Tolkien (12A)***

Dir: Dome Karukoski

With: Nicholas Hoult, Lily Collins, Colm Meaney, Derek Jacobi

Runtime: 112 minutes

WITH two films out at the same time, this is shaping up to be the unofficial Lily Collins Cinema Week.

While Extremely Wicked at least tries to strain against convention, Dome Karukoski’s biopic of the writer of The Lord of the Rings is a thoroughly old fashioned affair which presents a portrait of the artist in formation.

Tolkien is played by Nicholas Hoult with Collins as Edith Bratt, the woman who would become his wife. Opening at the Somme with Tolkien desperate to find out the fate of one of his friends, the story of his early years is told in flashback, all the way from the loss of his parents when he was a boy to the moment he met Edith and beyond.

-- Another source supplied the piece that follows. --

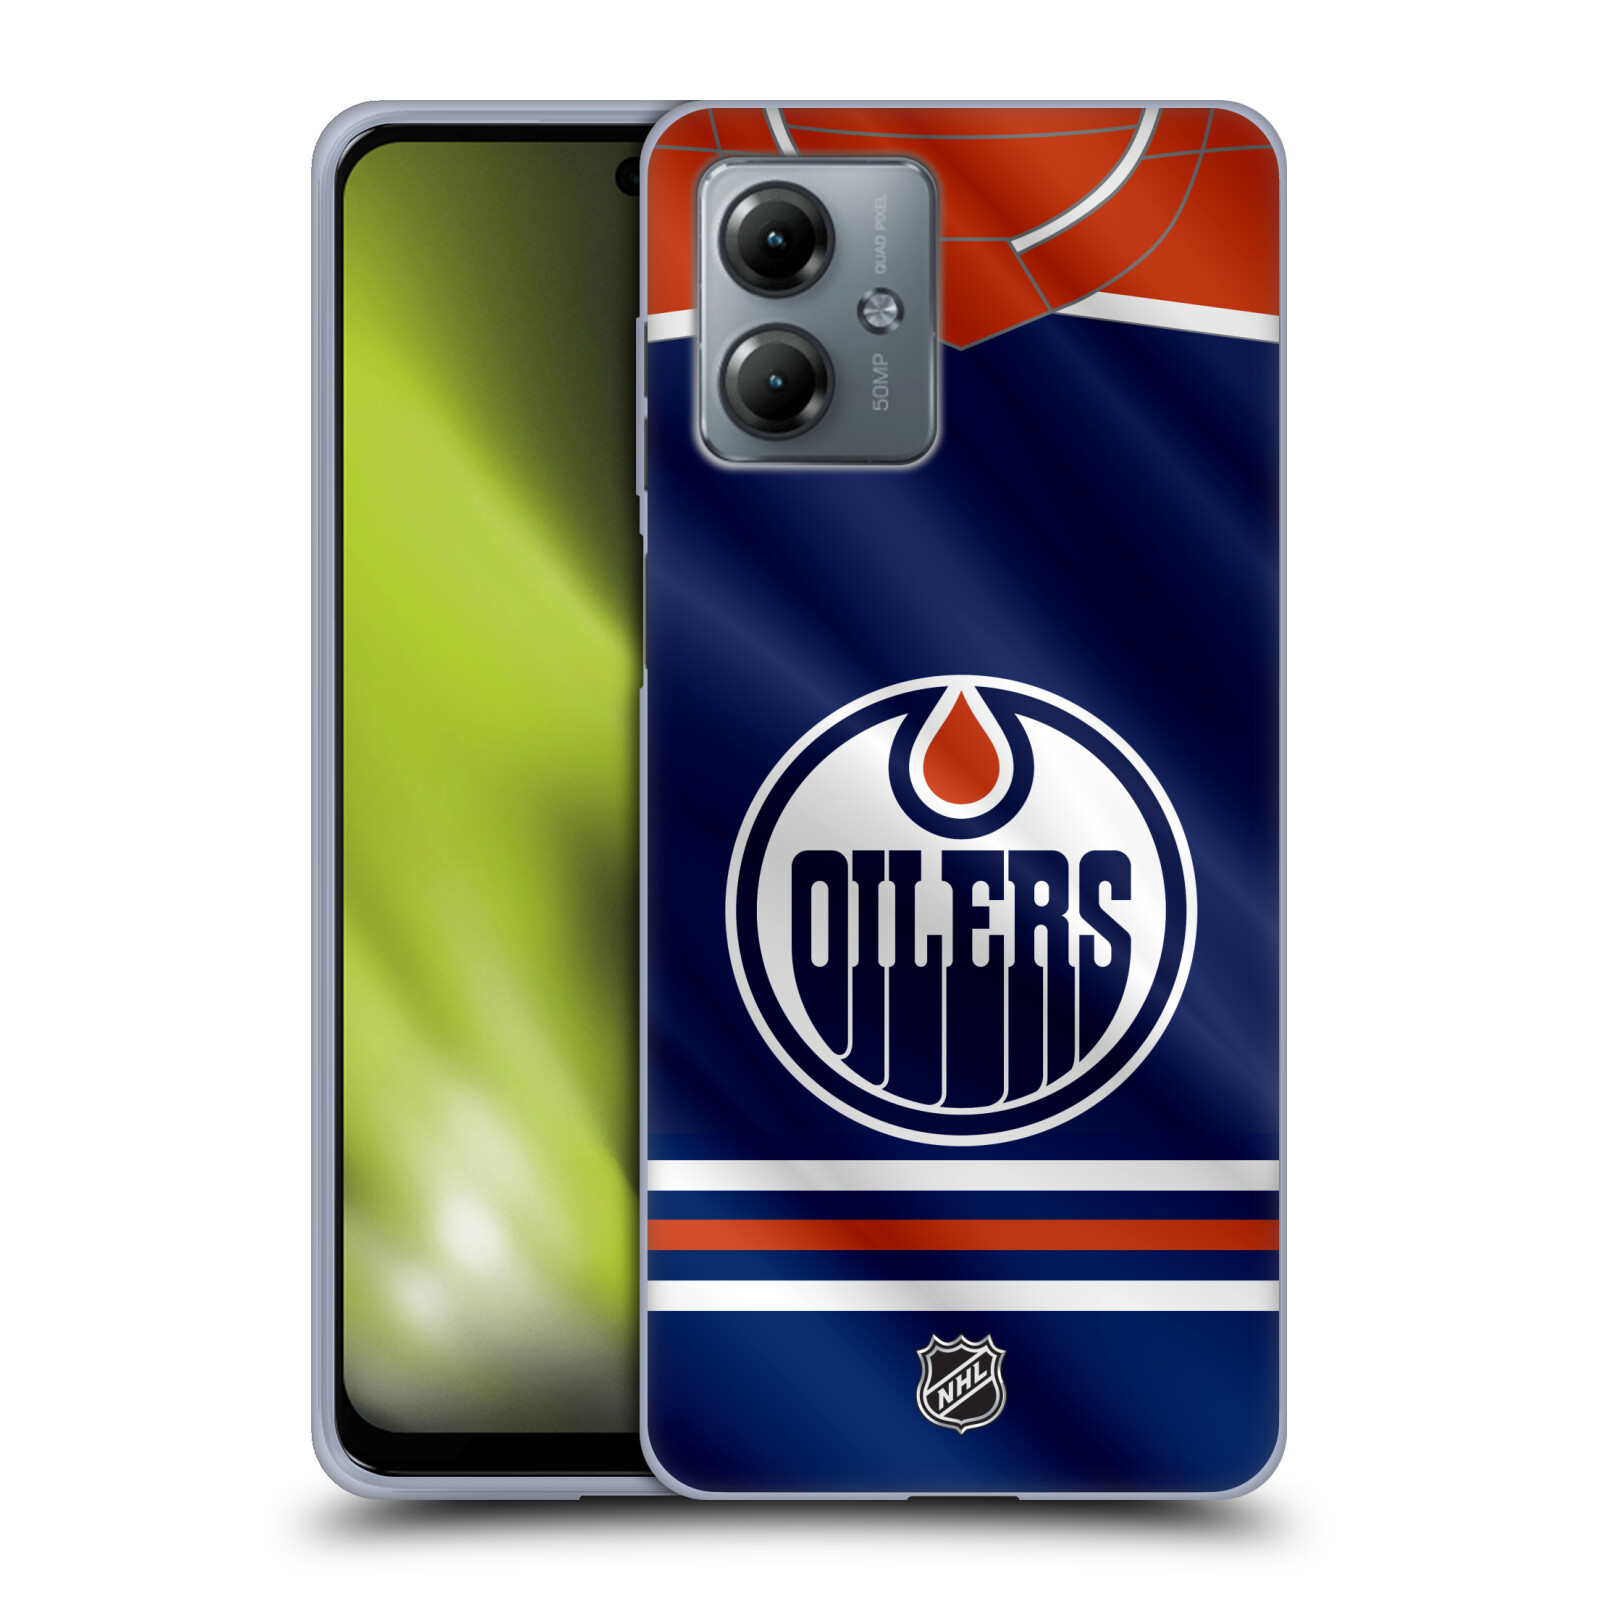 Silikonové pouzdro na mobil Motorola Moto G14 - NHL - Dres Edmonton Oilers (Silikonový kryt, obal, pouzdro na mobilní telefon Motorola Moto G14 s licencovaným motivem NHL - Dres Edmonton Oilers)
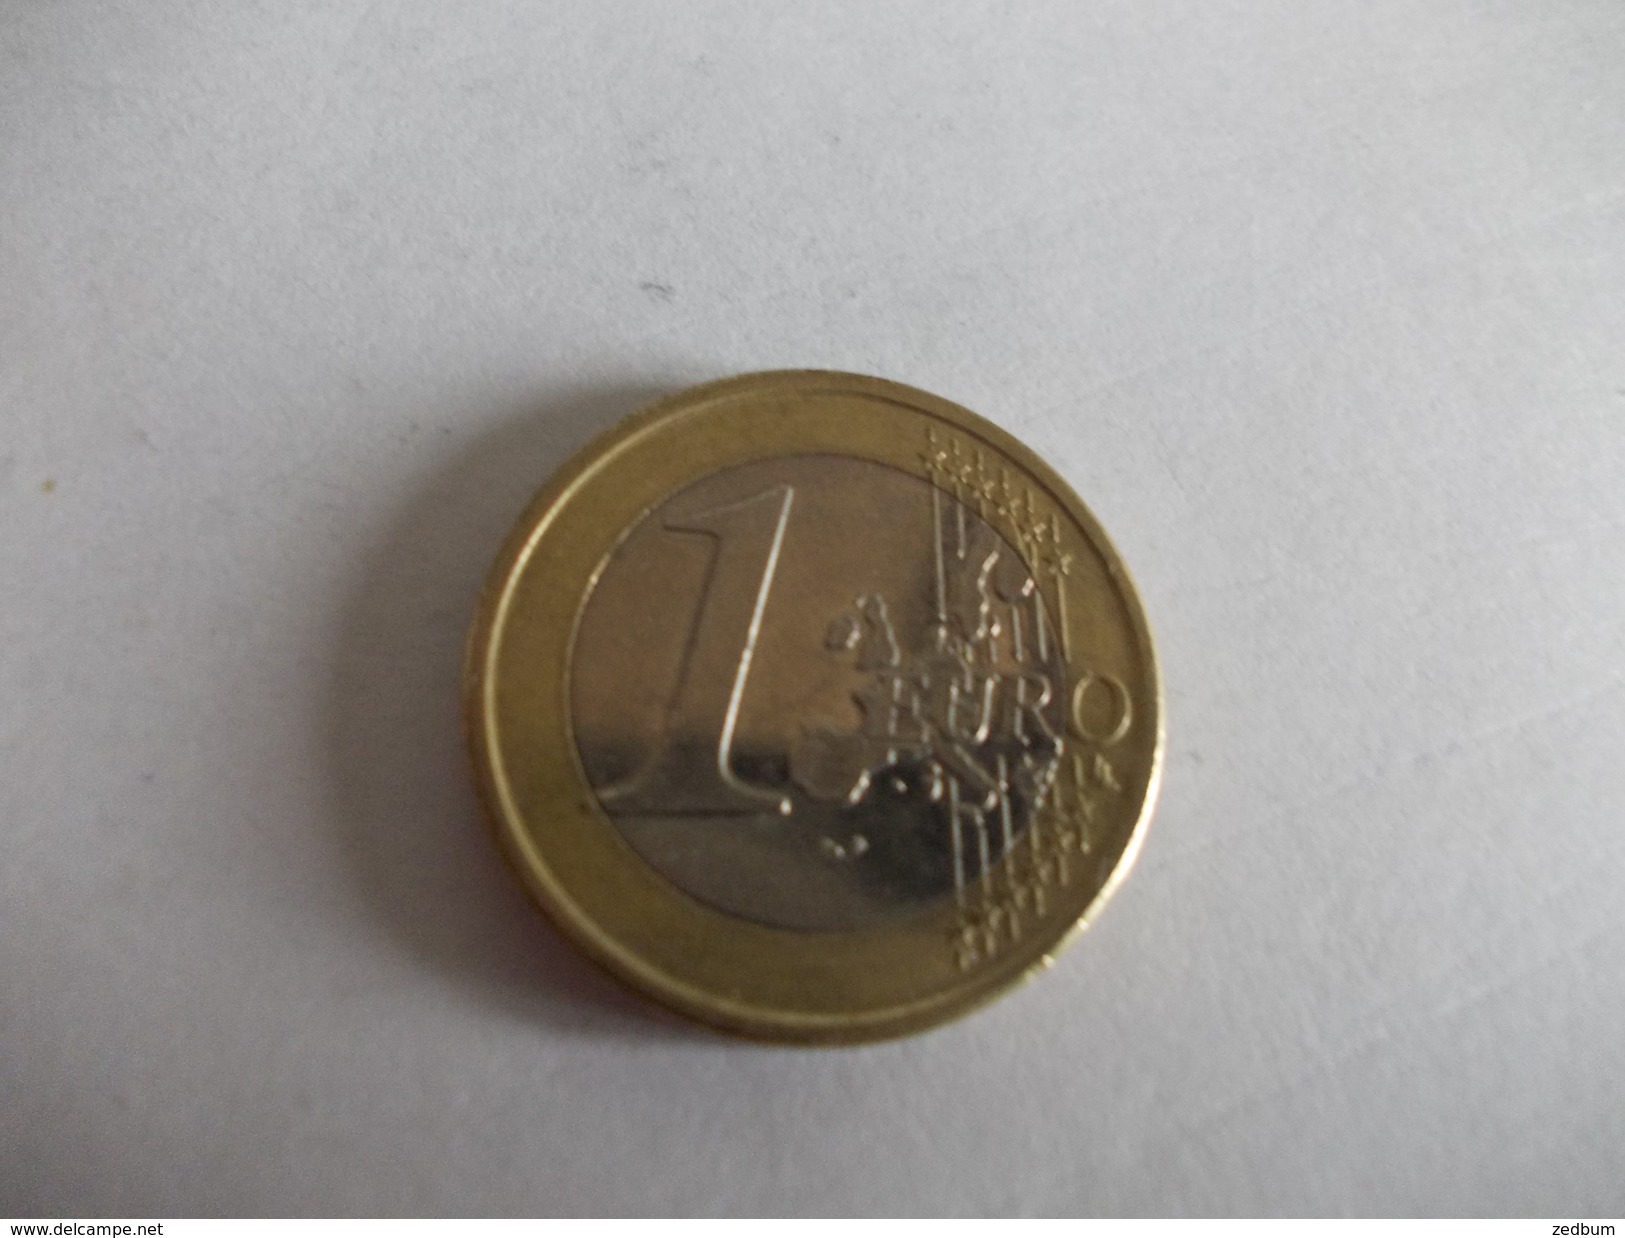 Monnaie Pièce De 1 Euro De Finlande Année 2002 Valeur Argus 6 &euro; - Finlande

Throughout, the screenplay by David Gleeson (The Front Line) and Stephen Beresford (Pride), picks out what they see are the primary influences in his life, which would later find expression in his work. So we note, for example, that he and his band of school friends call themselves the fellowship; that the young soldier who helps him on his quest to find his friend is named Sam; and the fevered visions he has on the battlefield include fire breathing dragons. It is hardly subtle. Are there ever such straightforward connections between an artist and his art?

Hoult and Collins make a convincing couple on screen, at ease with each other despite the occasionally starchy and stagey scenes conjured up by Karukoski.

The battle scenes at the Somme are handled impressively. Ditto the years at Oxbridge as the fellowship go through their studies (and Derek Jacobi turns up as a professor).

Perhaps the most noteworthy thing about the picture is that the author’s family has been quick to make clear its disapproval, which might suggest there is something unflattering about the portrait. There is not. The film’s greatest failing, at least from a cinemagoer’s point of view, is its dullness.